2. Baizabal-Caravallo, JF, Jankovic J ed, Stiff-person syndrome. Parkinson's Disease Center and Movement Disorders clinic at Baylor College of Medicine. 1994, updated April 2013. Link to article


IVIG has been shown to benefit patients in a controlled trial.


3. Barker RA, Marsden CD. Successful treatment of stiff man syndrome with intravenous immunoglobulin. J Neurol Neurosurg Psychiatry. 1997 Apr;62(4):426-7. Link to article


A study of one patient treated with IVIG saw an improvement in startle and falls. Baclofen and benzodiazepines were reduced and continuous motor activity on EMG resolved. Interestingly, some of the patients in these studies responded to IVIG having only had partial or no response to steroid treatment or plasma exchange.


4. Dalakas M. IVIG in other autoimmune neurological disorders: current status and future prospects. J Neurol. 2008 Jul;255 Suppl 3:12-6. doi: 10.1007/s00415-008-3004-y. Review. Link to article


In a controlled study in patients with stiff person syndrome IVIg was effective, with improvements in the distribution of stiffness index and heightened sensitivity scores.


5. Dalakas MC , Fujii M, Li M , et al. High-Dose Intravenous Immune Globulin for Stiff-Person Syndrome. New England Journal of Medicine 2001;345:26, 1870-1876. Link to article


Eleven patients who received immune globulin became able to walk more easily or without assistance, their frequency of falls decreased, and they were able to perform work-related or household tasks. The duration of the beneficial effects of immune globulin varied from six weeks to one year. Anti-GAD65 antibody titers declined after immune globulin therapy but not after placebo administration.

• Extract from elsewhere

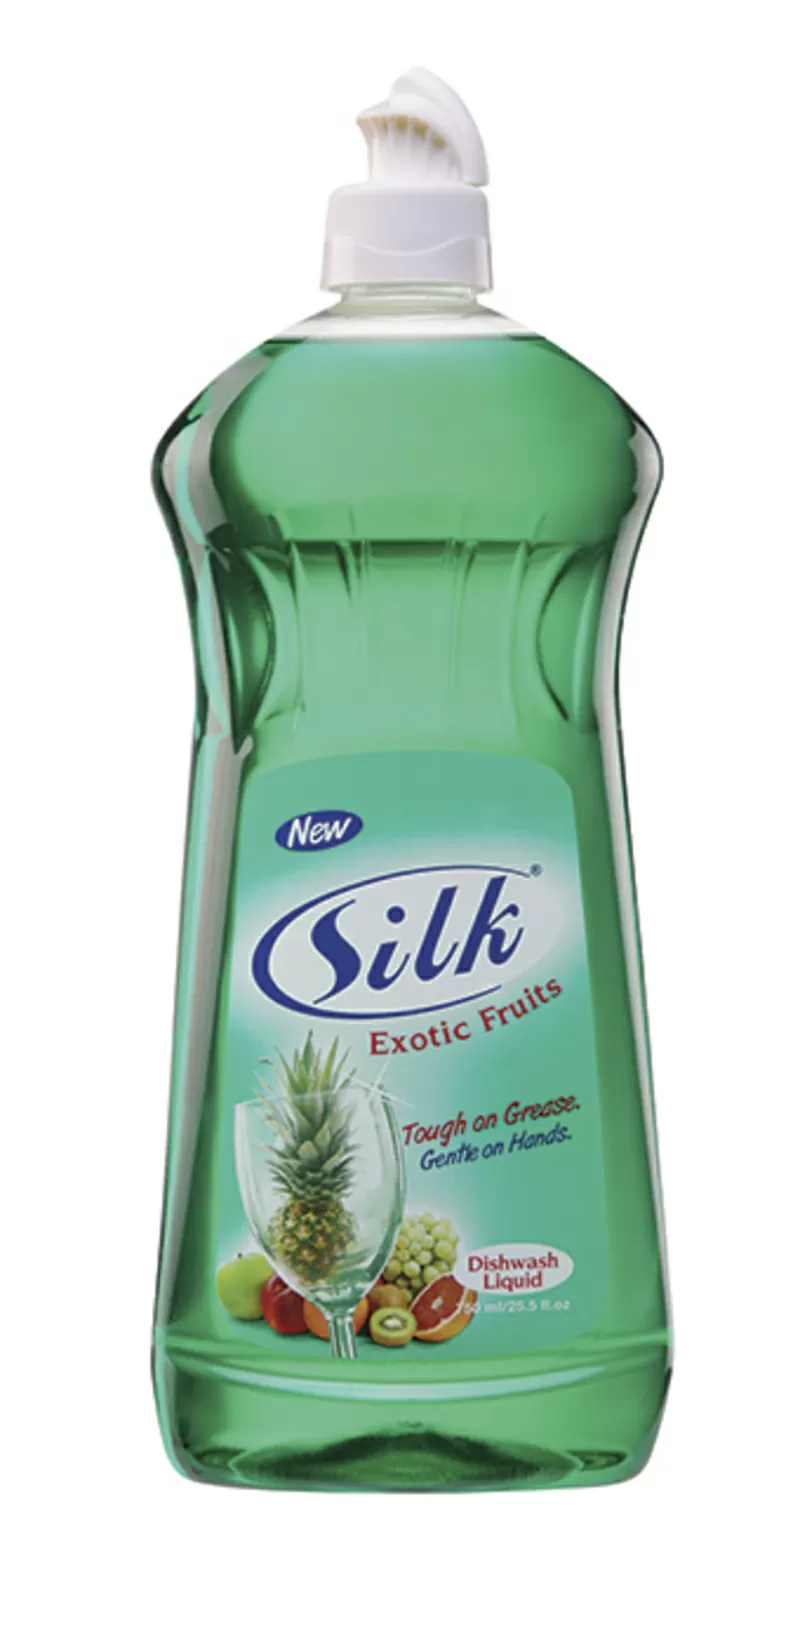 Жидкость для мытья посуды Silk 2

6. Dalakas MC The role of IVIg in the treatment of patients with stiff person syndrome and other neurological diseases associated with anti-GAD antibodies. Journal of Neurology 2005;252:S1, i19-I25.  Link to article


The stiffness scores in the IVIg-randomised patients declined significantly from month 1 through 4, but rebounded when they crossed to placebo. In contrast, the scores in the placebo-randomised group remained constant from month 1-4 but dropped significantly after crossing to IVIg. Eleven patients who received IVIg became able to walk unassisted, stopped falling, and assumed household or work duties. The duration of benefit varied from 6-12 weeks or up to a year. The anti-GAD(65) antibody titres declined after IVIg, but not after placebo.


7. Dalakas MC, Fujii M, Li M, et al. High-dose intravenous immunoglobulin in treatment of neurological diseases. Eur J Neurology 2008;15:893-908.  Link to article


The need for more effective therapies and the encouraging results from pilot or uncontrolled studies have prompted the need to perform controlled studies to examine the therapeutic efficacy of high-dose intravenous immune globulin (IVIg), an immunomodulating drug with prohibitive cost but minimal toxicity.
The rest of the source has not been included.